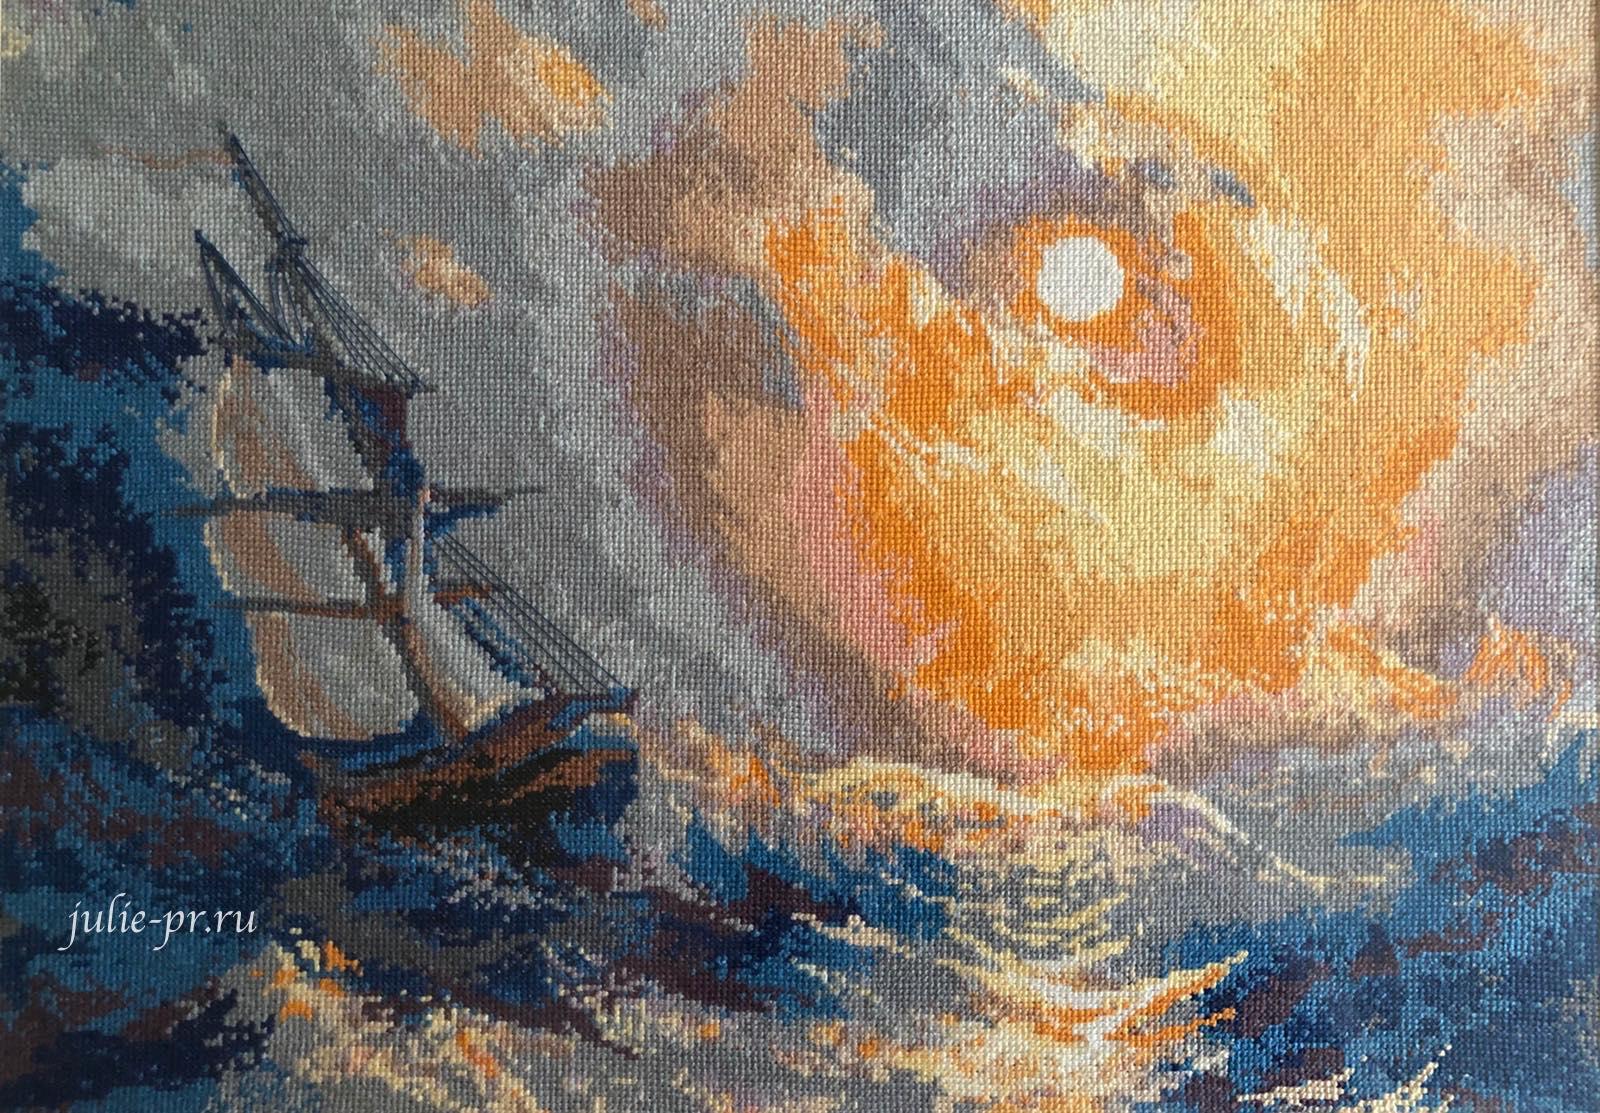 Риолис №350, Парусник, Корабль море, вышивка крестом, сотвори сама
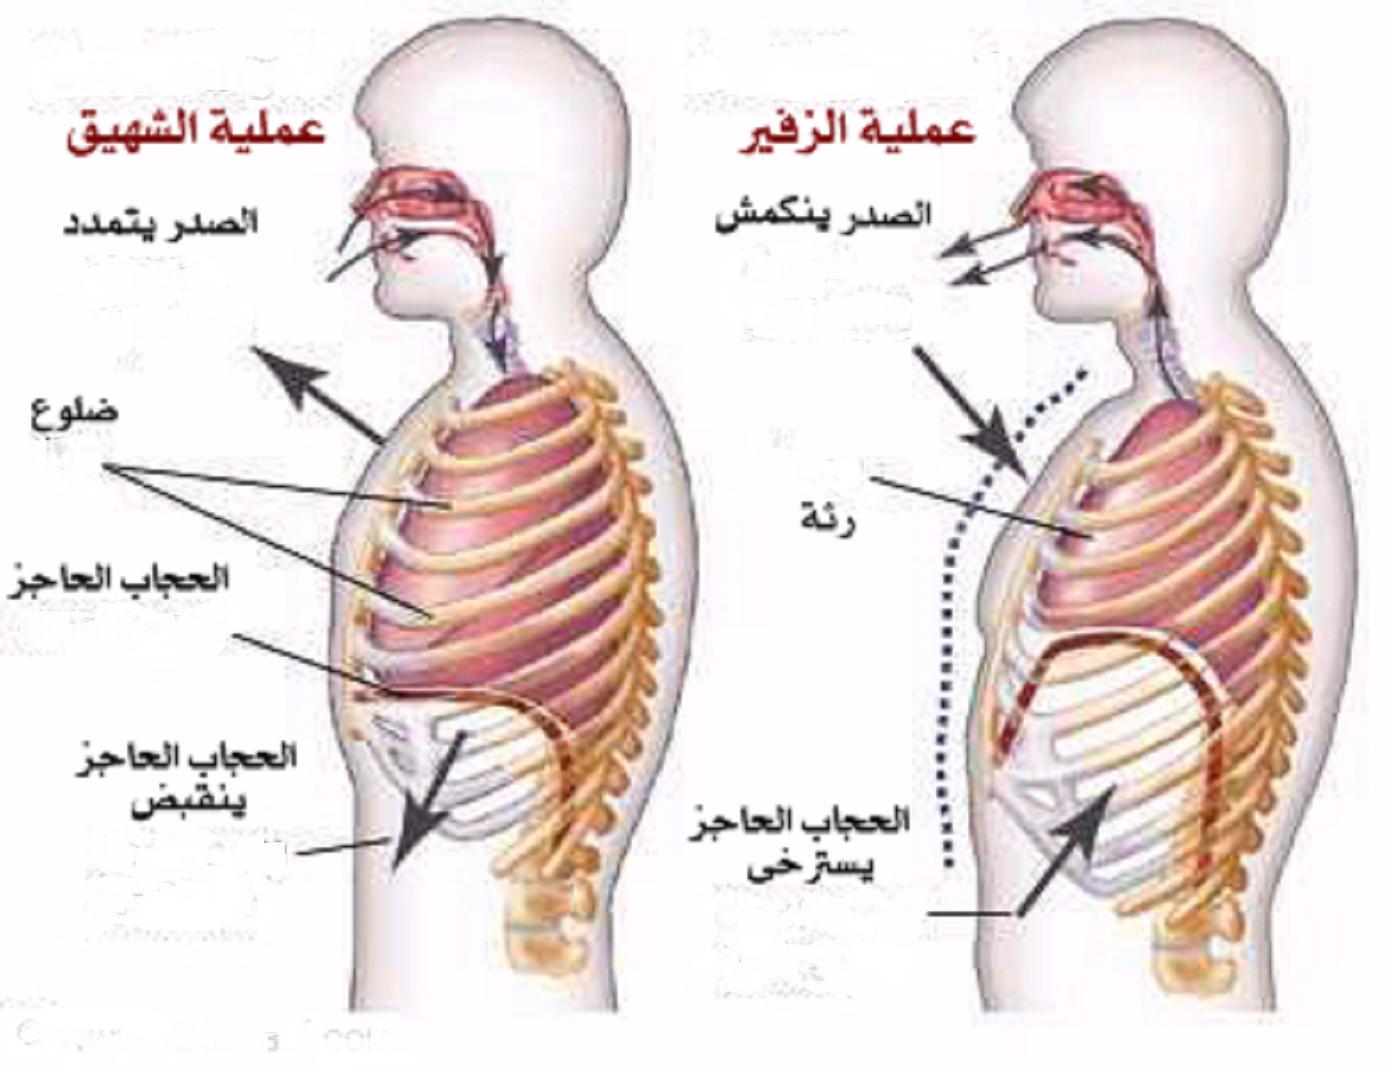 صورة عملية الشهيق والزفير , كيف تتم عملية التنفس
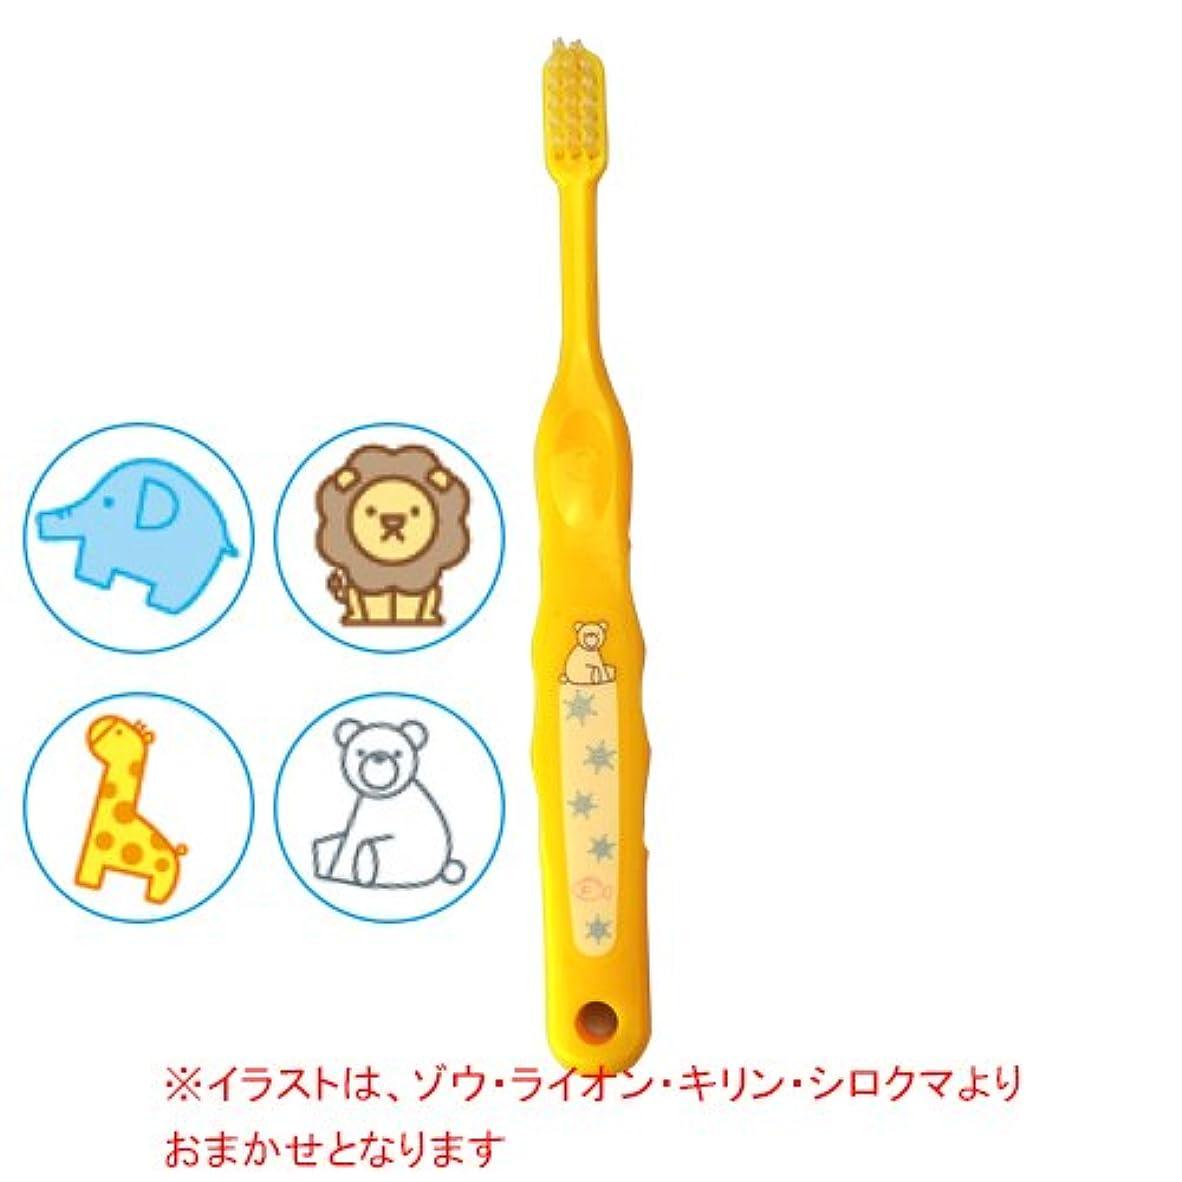 食用長老長老Ciメディカル Ci なまえ歯ブラシ 503 (やわらかめ) (乳児から小学生向)1本 (イエロー)
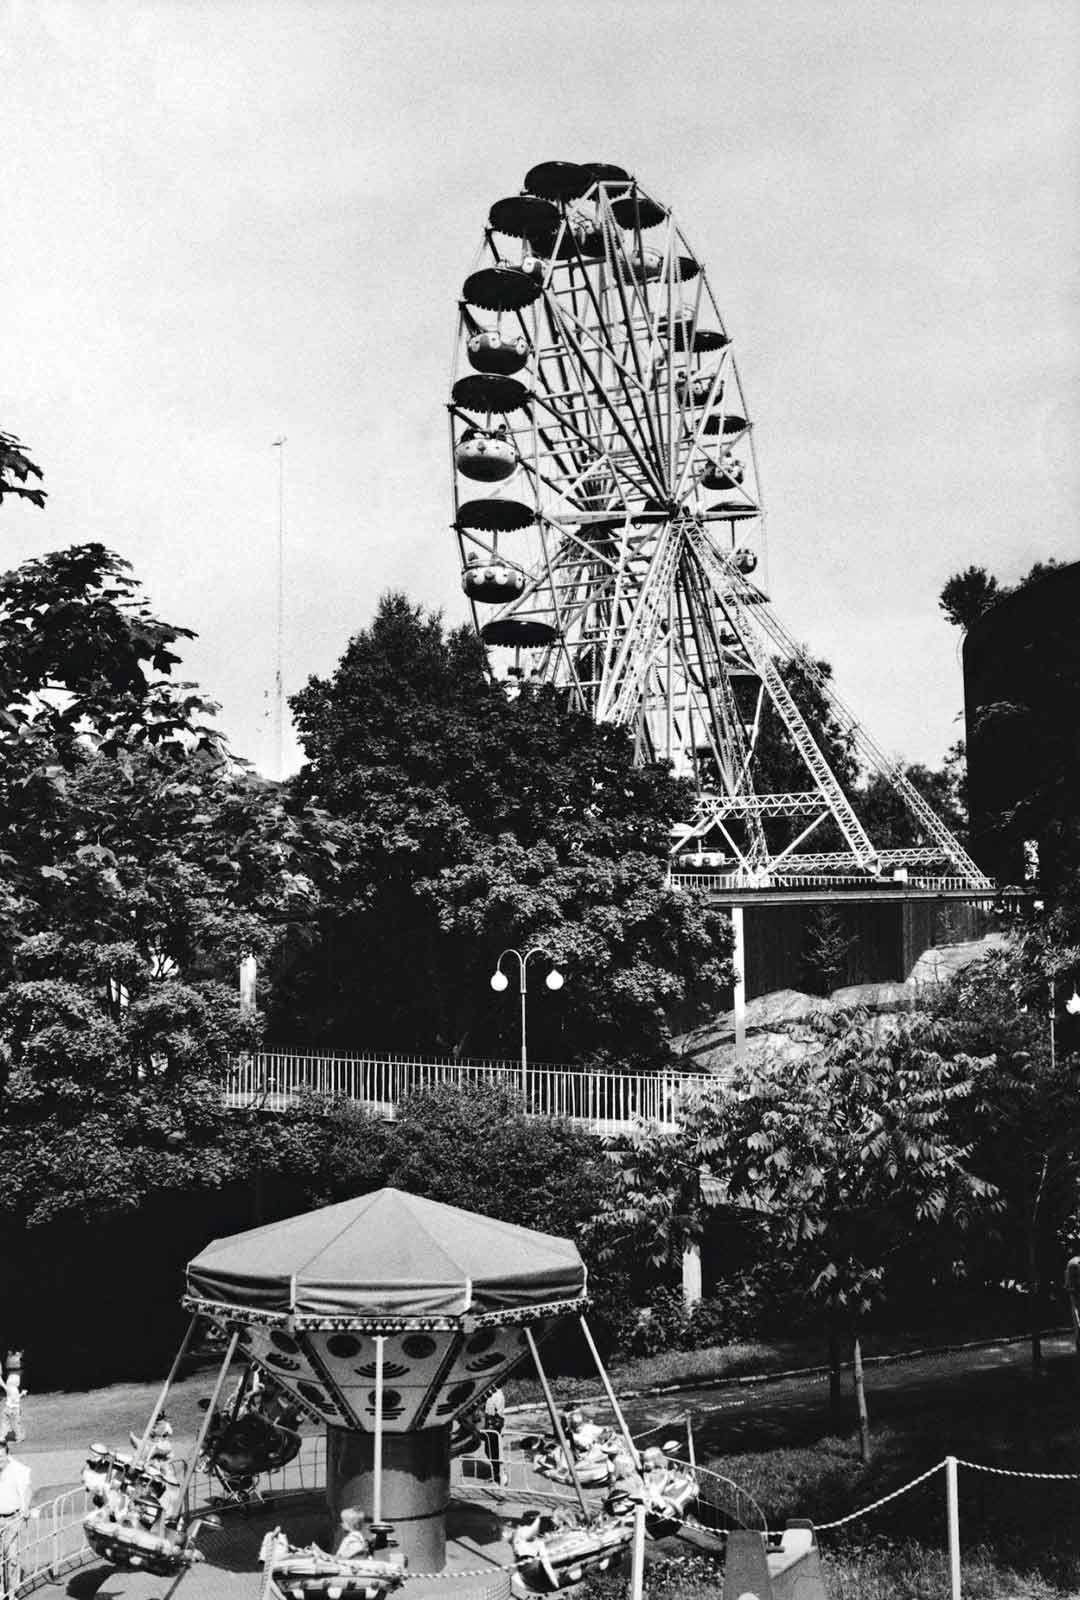 Maailmanpyörä on vaihtanut nimeä moneen kertaan ja on nykyään Rinkeli. 1980-luvun lapset muistavat Apollo-karusellin.
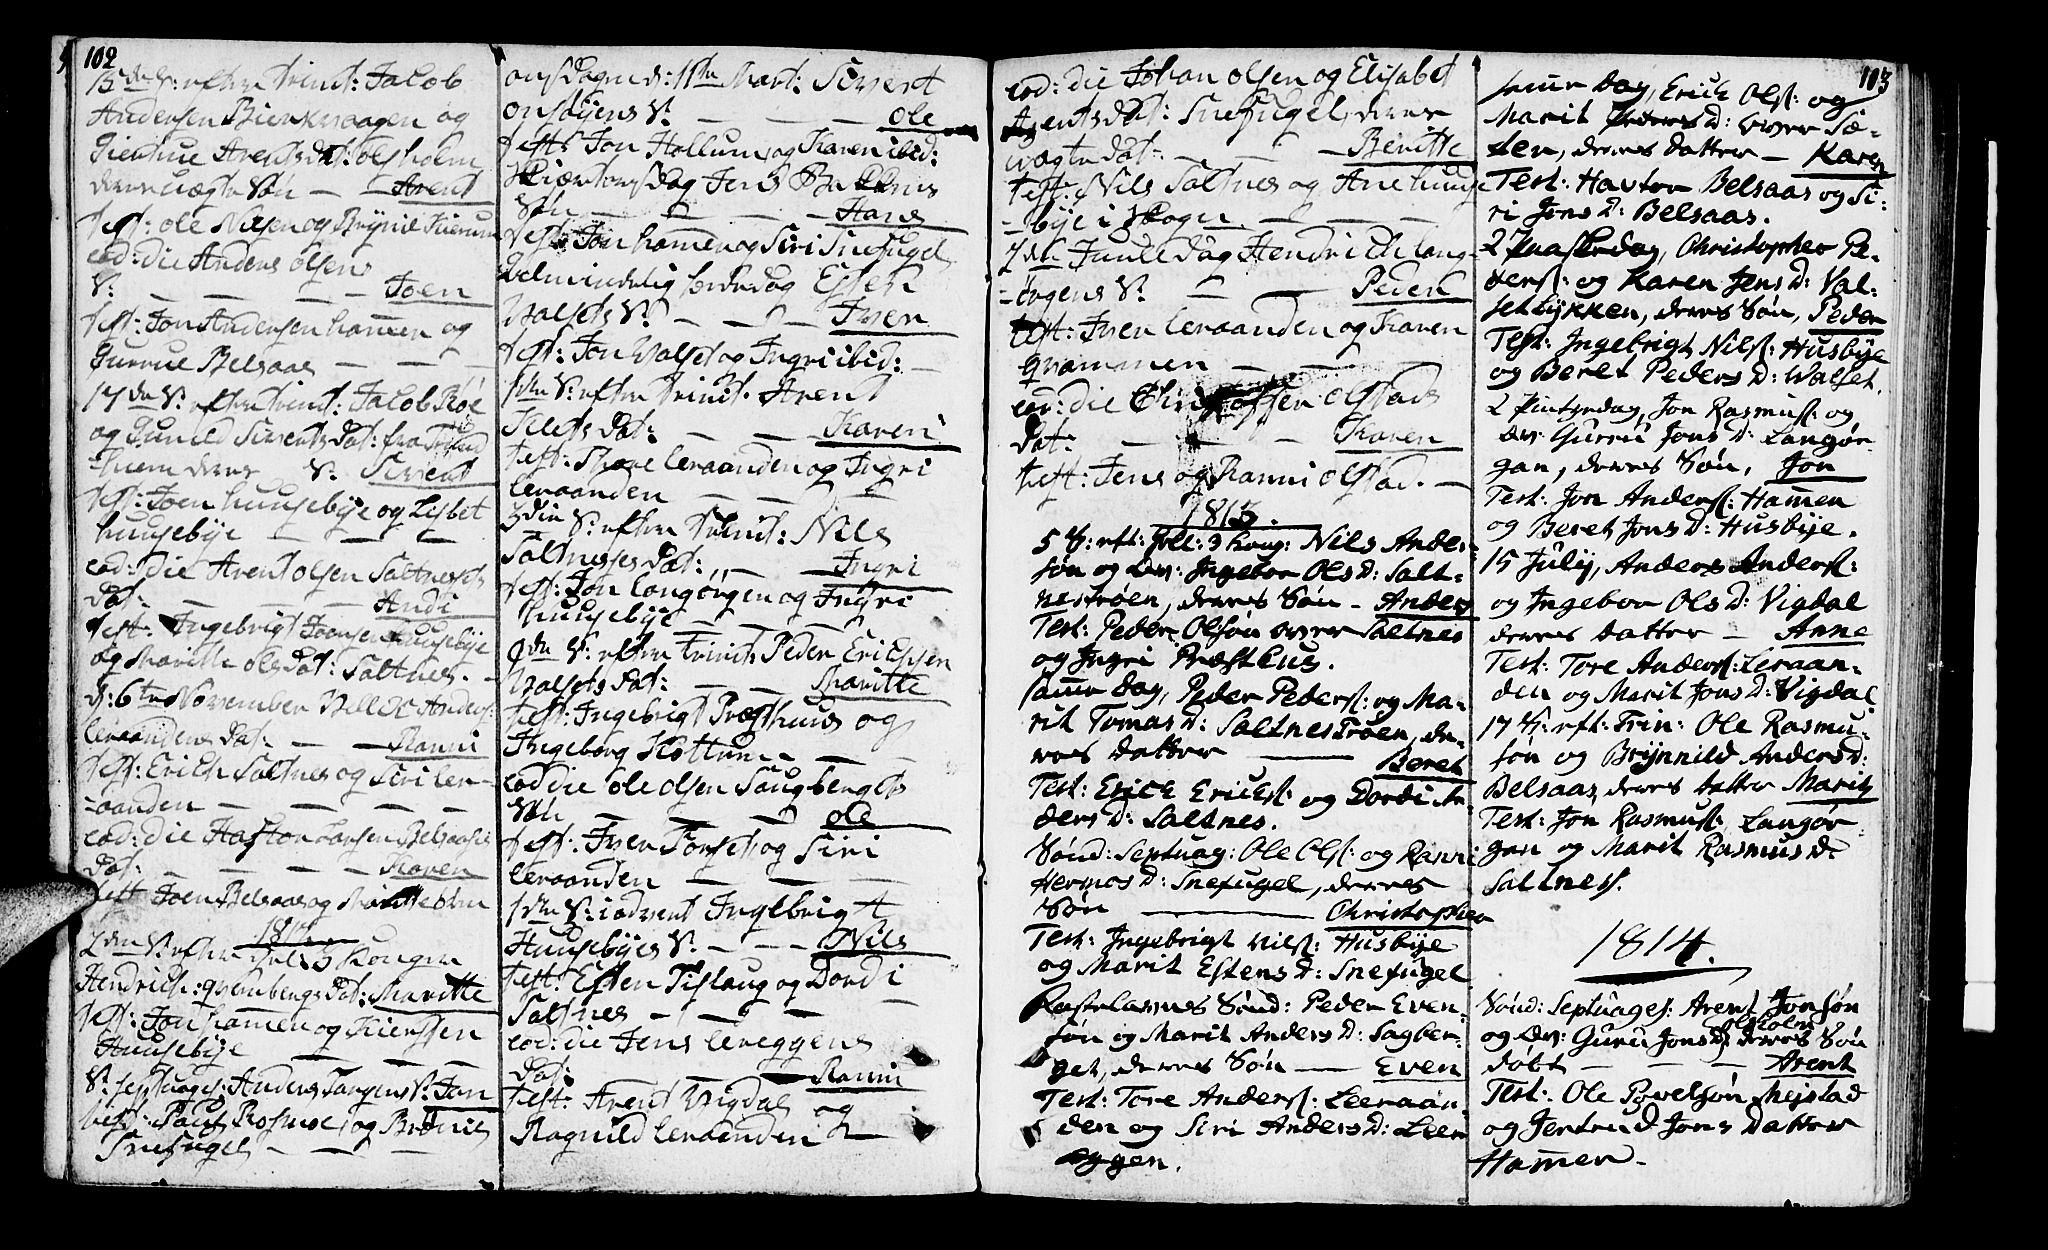 SAT, Ministerialprotokoller, klokkerbøker og fødselsregistre - Sør-Trøndelag, 666/L0785: Ministerialbok nr. 666A03, 1803-1816, s. 102-103
● ● ● ● ●
Try it —
Copy the records exactly, minus any pictures.

Solved exercise —
 Риолис №350, Парусник, Корабль море, вышивка крестом, сотвори сама
 صورة عملية الشهيق والزفير , كيف تتم عملية التنفس
 食用長老長老Ciメディカル Ci なまえ歯ブラシ 503 (やわらかめ) (乳児から小学生向)1本 (イエロー)
 Maailmanpyörä on vaihtanut nimeä moneen kertaan ja on nykyään Rinkeli. 1980-luvun lapset muistavat Apollo-karusellin.
 SAT, Ministerialprotokoller, klokkerbøker og fødselsregistre - Sør-Trøndelag, 666/L0785: Ministerialbok nr. 666A03, 1803-1816, s. 102-103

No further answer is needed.